Day 2 - Have pump will party!
David’s a real charmer and loves meeting people.
Hello, I’m Evelyn, I’m sharing our story as I believe raising awareness is fundamental to more people knowing about home artificial nutrition (HAN) and those who need it.
My son David is 12 years old and he is enterally fed due to complications at birth. David has cerebral palsy. He has an unsafe swallow and will never be able to eat.
When he was born David was cared for in the Special Care Baby Unit (SCBU) in the Royal Alexandra Hospital (RAH) in Paisley, Scotland. At the very start David’s tongue seemed to be very high up in his mouth and he showed no interest in feeding. He obviously had to be fed and naso-gastric (NG) feeding was the solution. David was in SCBU for 6 weeks and during that time we were trained to pass an NG tube and how to do bolus feeds. We tried to encourage him to use his tongue and gave him tasters, however, slowly but surely, we realised that enteral feeding was going to be the norm. After NG feeding for 9 months we decided that it would be better for David and for us if we opted for PEG feeding.
David is under the care of the RAH and went to Yorkhill in Glasgow for any operations related to feeding.
We would love it if we could watch David tuck in to his dinner but that’s not going to happen. Instead we can rely on the feeds he gets being nutritionally sound and allowing him to thrive. One big benefit of the way that David is fed is that it can happen pretty much wherever we are and whatever we are doing. We have set up feeds in planes, trains and automobiles!, in the cinema, at the shops, in a castle, etc, etc. David’s feeding regime doesn’t hold him back and is, in our eyes, a normal way to be fed. Some people find it odd and stare. David is unaware of this but we sometimes find it uncomfortable. Rather than stare at us we’d much rather that people asked us questions about how David is being fed. Raising awareness of HAN can only be a good thing from that point of view.

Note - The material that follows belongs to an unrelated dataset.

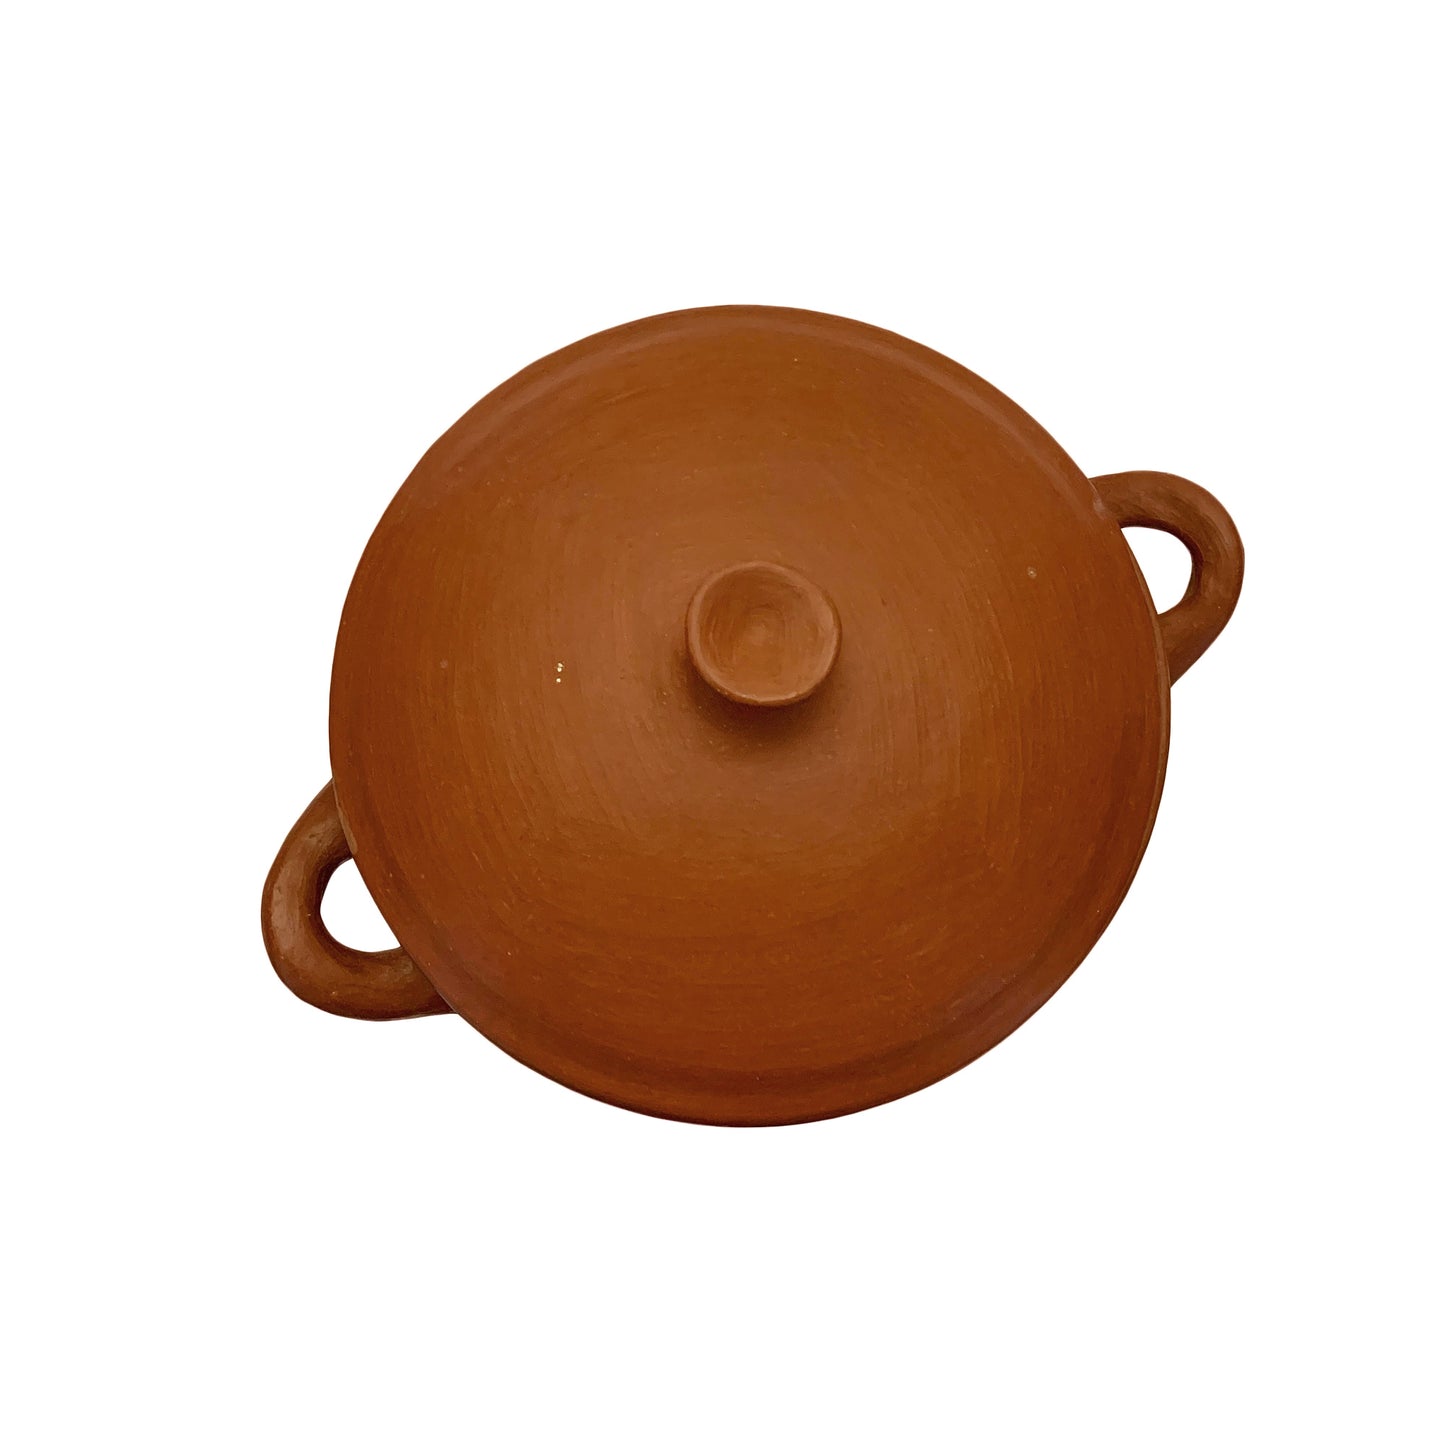 Red Clay Cooking Pot + Lid | Cazuela de Barro Rojo | 3 Quart Capacity | Handmade in Oaxaca, Mexico
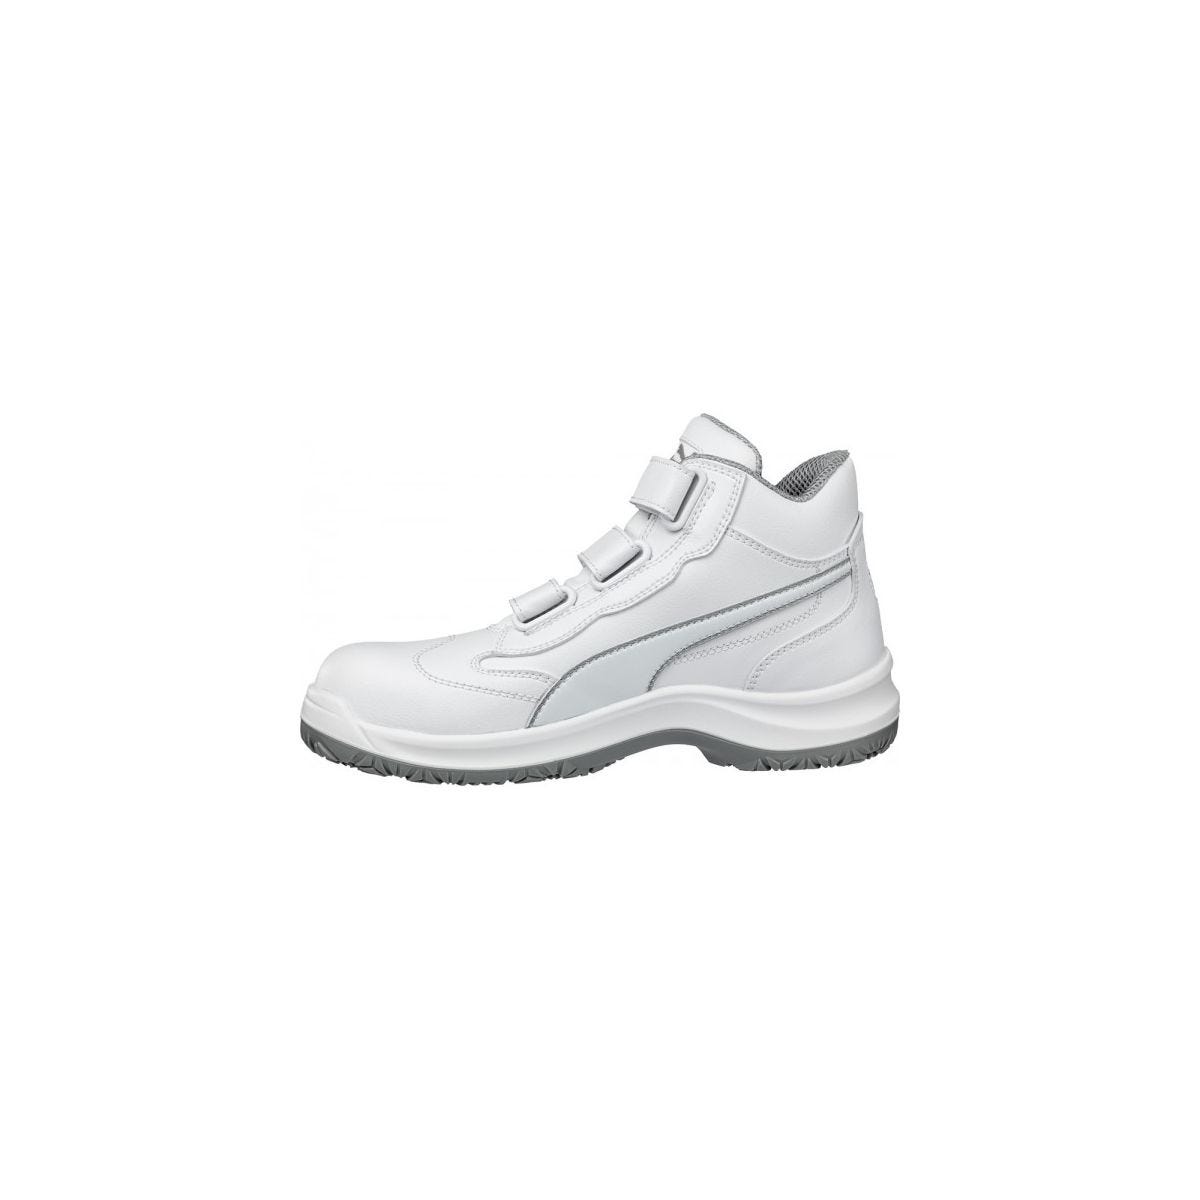 Chaussures de sécurité Absolute Mid S2 Blanc - Puma - Taille 47 4

To know David is to love him. He’s a real charmer and loves meeting people. The photo attached is of David at his Primary 7 prom. He was so excited to go and loved taking part in the disco. His feed was started while he was at the prom and being able to do this meant that he could go to the prom and have lots of fun. In his own way he is doing his wee bit to raise awareness and understanding of disability within our local community. Hopefully, people will see that whilst David has cerebral palsy and can’t sit up, stand, walk, talk or eat... he is still thriving and happy. If we didn’t have HAN that wouldn’t be the case. David’s feeding regime doesn’t hold him back and that’s exactly how it should be.